- Over 800 computers were infected with a Trojan targeting Zynag Poker players.
- The botnet calculated the value of the accounts based on factors including the number of credit cards on file.
- If an account was deemed of high enough value, then “phishing” links would be posted to the user’s wall.
A computer botnet that operated throughout 2012 collected the login credentials and payment details of over 16,000 Facebook users, security researchers revealed earlier this week.
Over 800 computers were infected with a Trojan, which would then connect to a central server and and be given login details to a Facebook account, with which it would then perform various tasks.
According to the detailed report from Robert Lipovsky, a security researcher at anti-virus firm ESET, the machine, with the compromised Facebook account details, would obtain play statistics from the Facebook app Zynga Poker along with the number of payment methods on file.
Apparently, the code would then use these statistics—the ranking on Zynga and whether any credit cards were on file—to determine the “value” of the account.
If an account was deemed of high enough value, then “phishing” links would be posted to the user’s wall. These posts, which would purport to be a titillating news story, would take a user to a fake Facebook page and prompt them to log in.
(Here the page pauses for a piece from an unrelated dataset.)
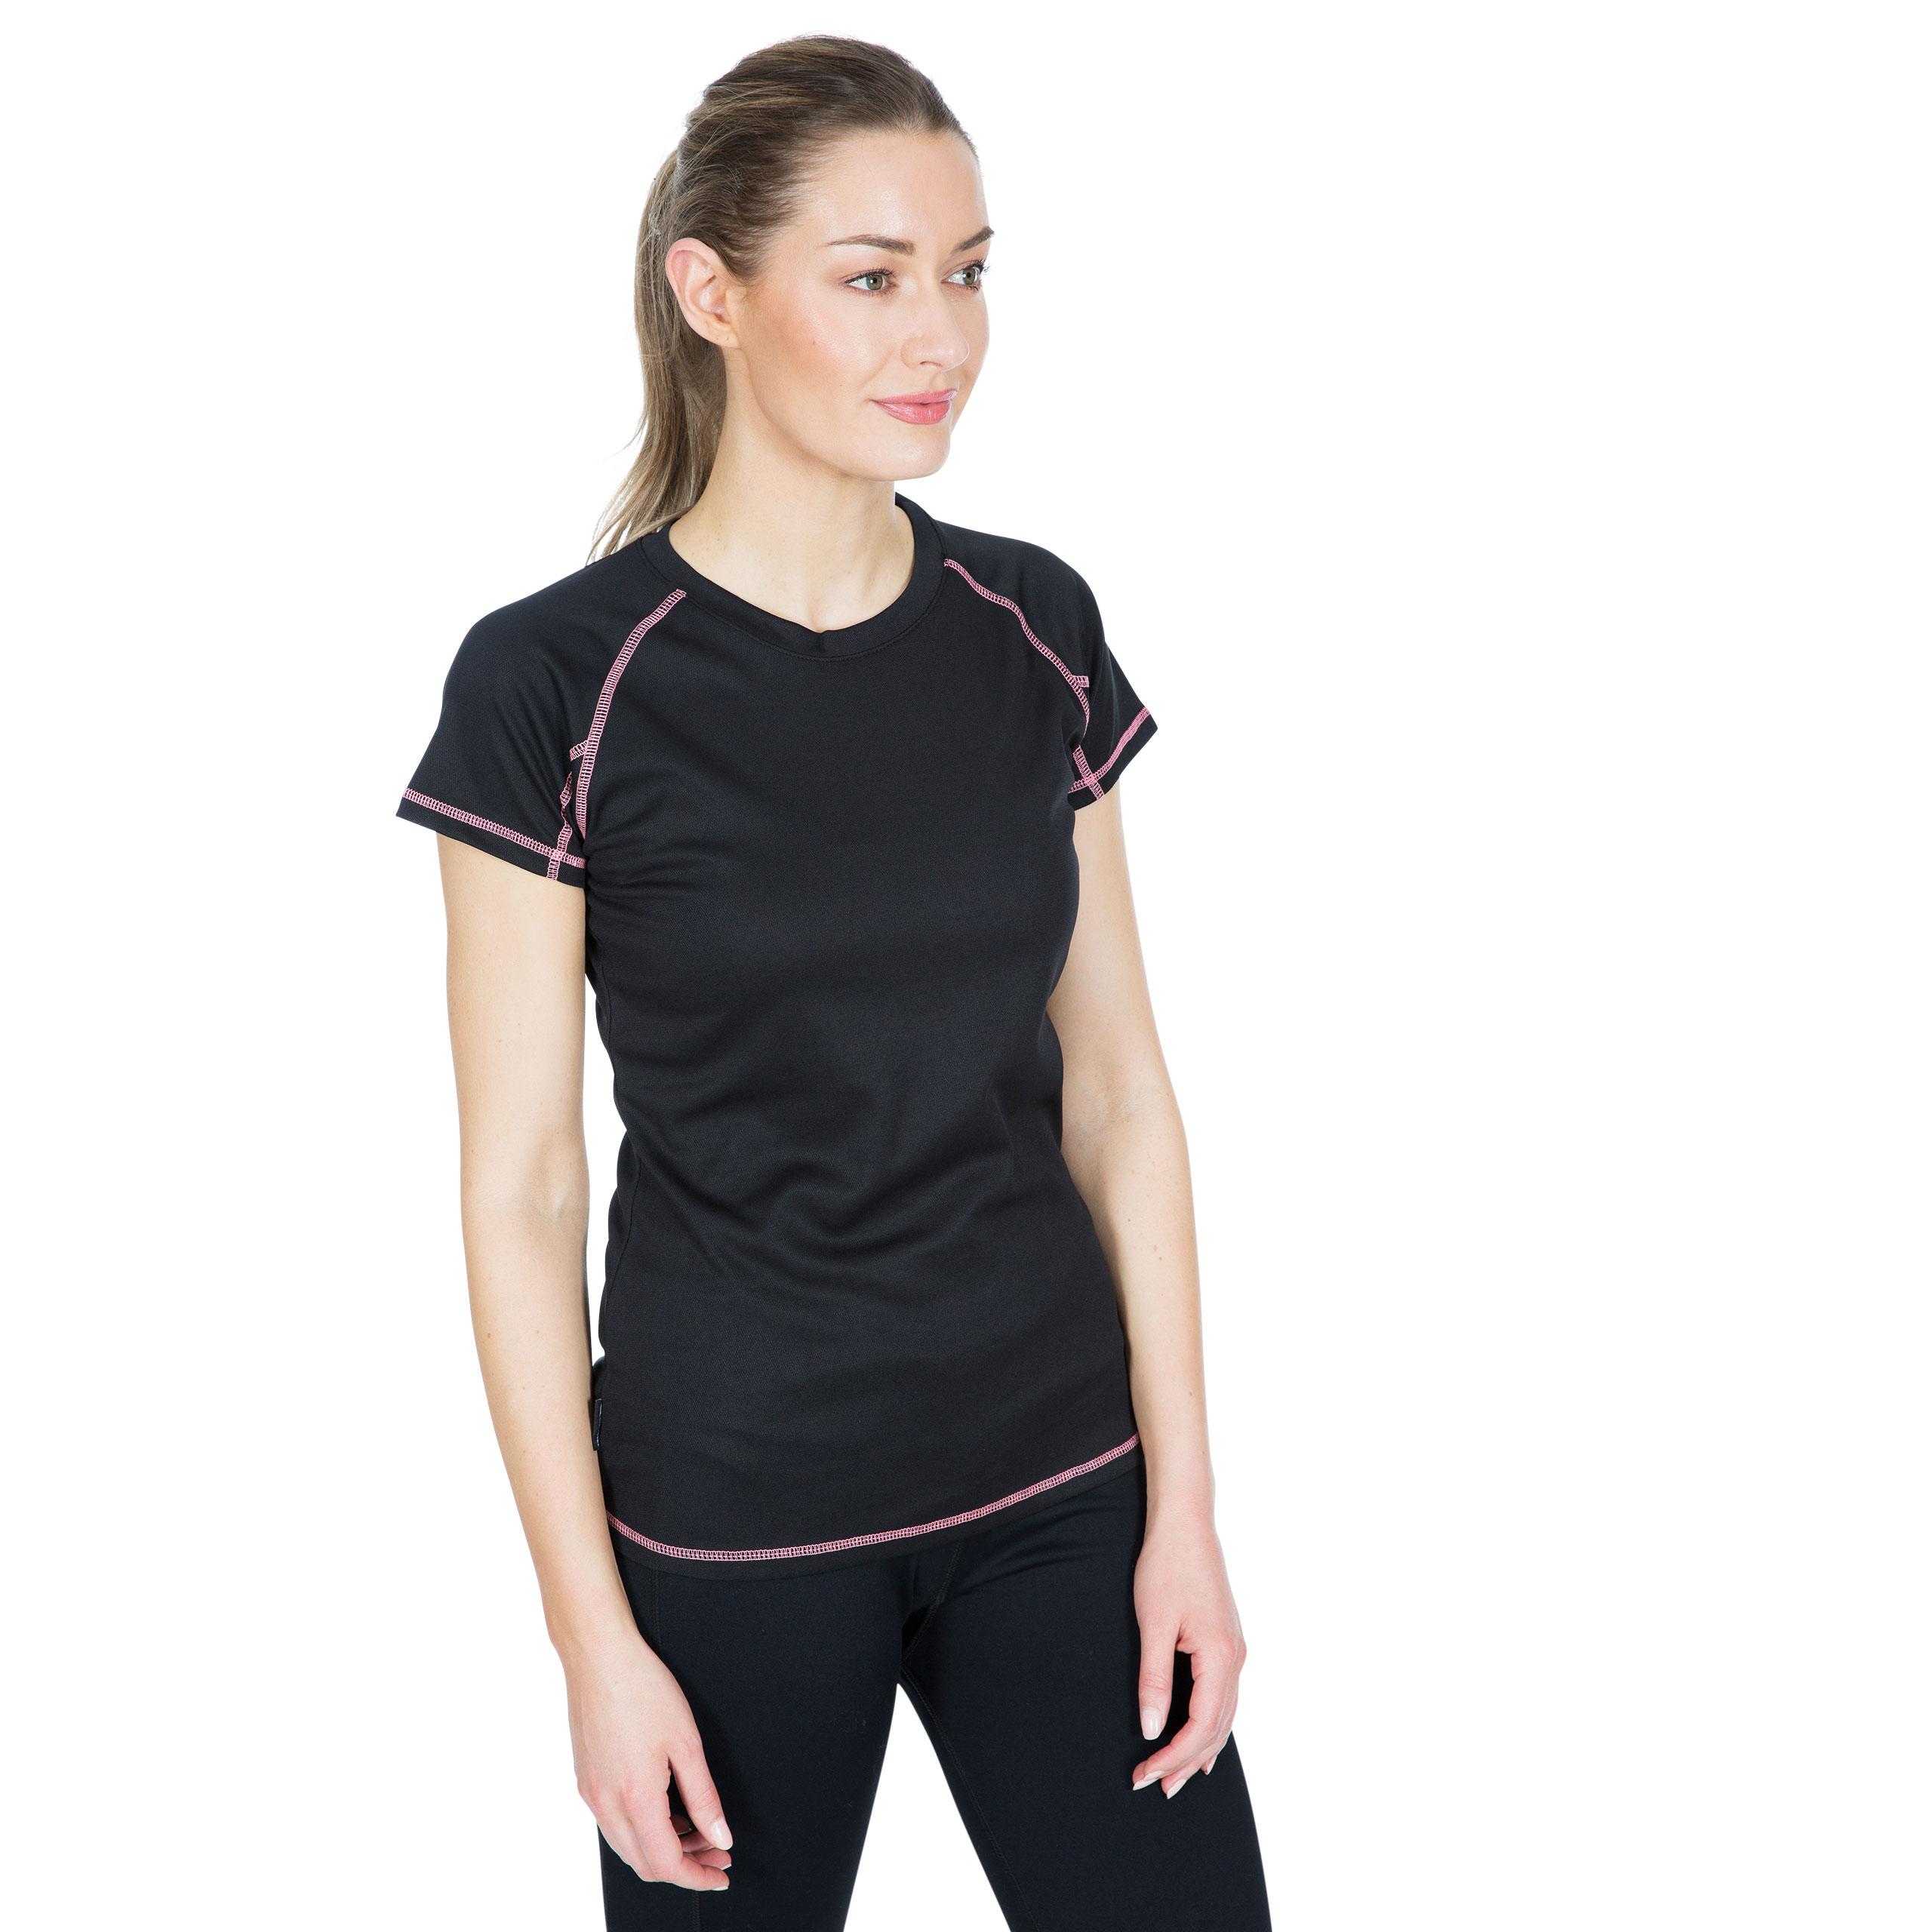 Trespass-Viktoria-Womens-Short-Sleeved-Active-T-Shirt-Gym-Top-For-Ladies thumbnail 15

The username and password of these “high value” Zynga accounts would then be obtained by the botnet.
ESET, Fair use No actual credit card information was stolen directly with the Botnet, but clearly it was designed to obtain the security credentials of accounts specifically with “high value” Zynga Poker accounts, and those that had credit cards on file.
As Lipovsky concludes, “... the purpose of the botnet is to firstly “expand the database of stolen Facebook usernames and passwords” and then to update the database, “[pairing] the credentials with information on the user’s Zynga Poker stats and their saved credit cards.”
“We can only speculate how the attacker further abuses these harvested data … Later, the attacker can simply abuse the credit card information themselves or they may sell the database to other criminals,” adds Lipovsky.
The threat was mostly active in Israel, ESET reports, running from December 2010 to about mid-February 2011, at which point the malware author apparently “ceased actively spreading the Trojan.”
Having informed Facebook of the malware, the company reset the passwords of all compromised accounts and “has taken preventive measures to thwart future attacks on the hijacked accounts,” according to Lipovsky.
In addition, ESET cooperated with Israeli law enforcement agencies.
Zynga Poker is planning to enter real money poker this year, under the brand Zynga Plus Poker, with bwin.party providing the platform with a gaming license in Gibraltar.